Initial Inspection Observation 2
What we understand:
The purpose of these reserve samples is to ensure that the results upon which FDA bases approval of New Drug Applications (NDA) and Abbreviated New Drug Applications (ANDAs) are reliable.
For an ANDA, reserve samples of both the test article (the test article means the drug product for which the applicant is seeking approval) and the reference standard should be retained at the study site for a period of 5 years.

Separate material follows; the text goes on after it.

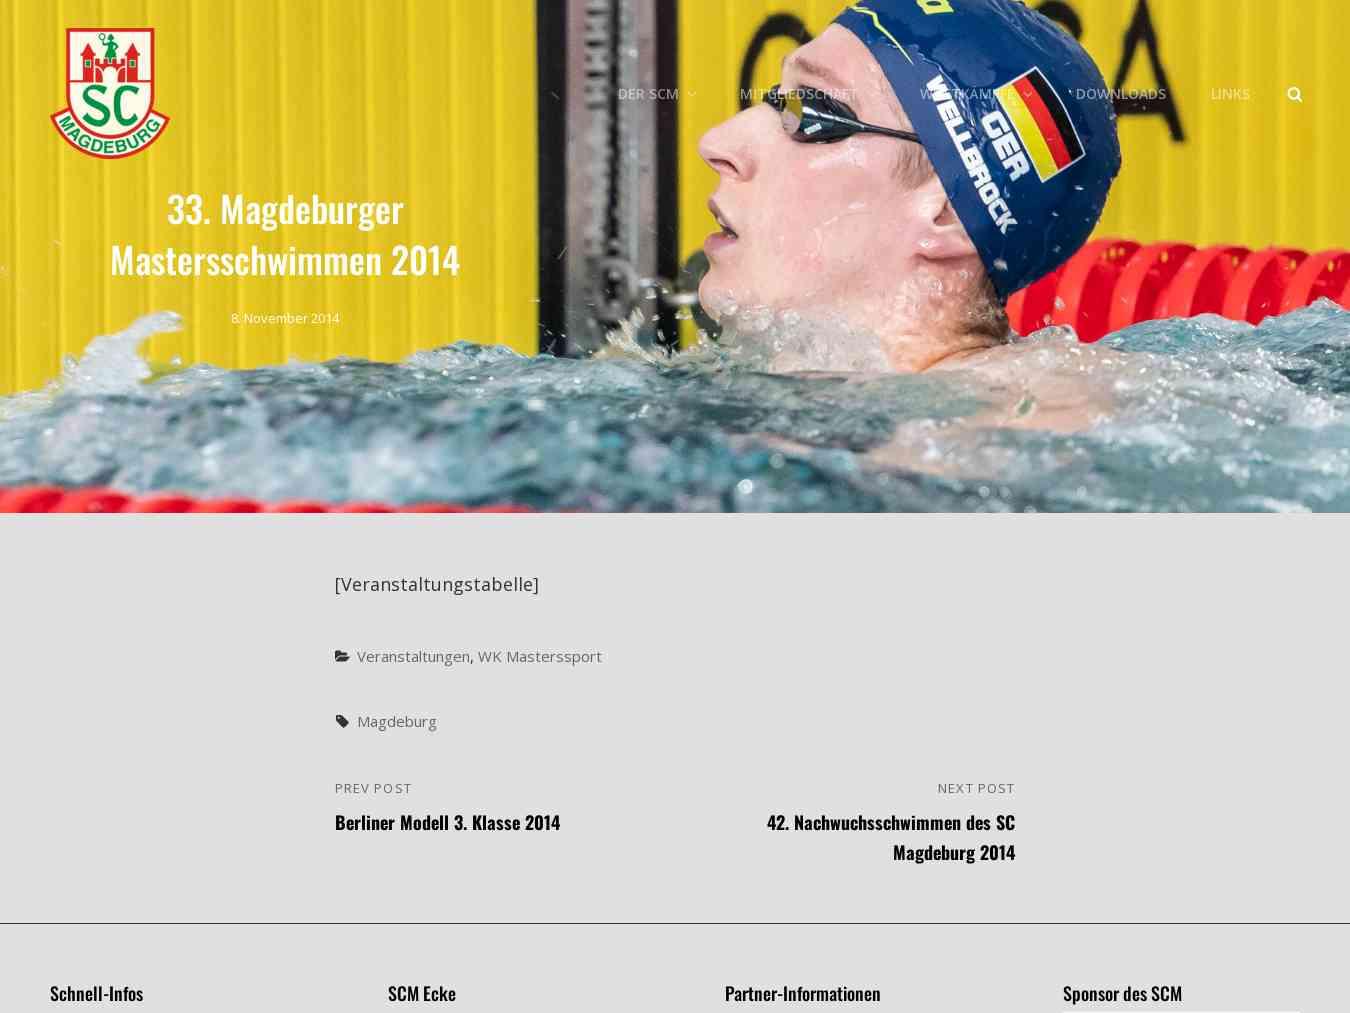 Veranstalterhomepage - http://scm-schwimmen.de/2014/11/33-magdeburger-mastersschwimmen-2014/

The Quality Control unit at Lupin did not provide any evidence of visually examination performed as evidence of deterioration in the reserve samples. This also meant lack of adherence to the SOP which clearly states this as a general procedure.
Initial Inspection Observation 3
What we understand:
This is in relation to an oral (liquid/solution) product manufactured by the company which had some unexplained discrepancies.
The inspection revealed that over 40 complaints were received regarding the discrepancy in the product but the Quality Control Unit did not investigate whether the issue was due to mishandling of the product during shipping or the result of packaging quality issues. The issue was (though not revealed) relates to some leakages from the bottle.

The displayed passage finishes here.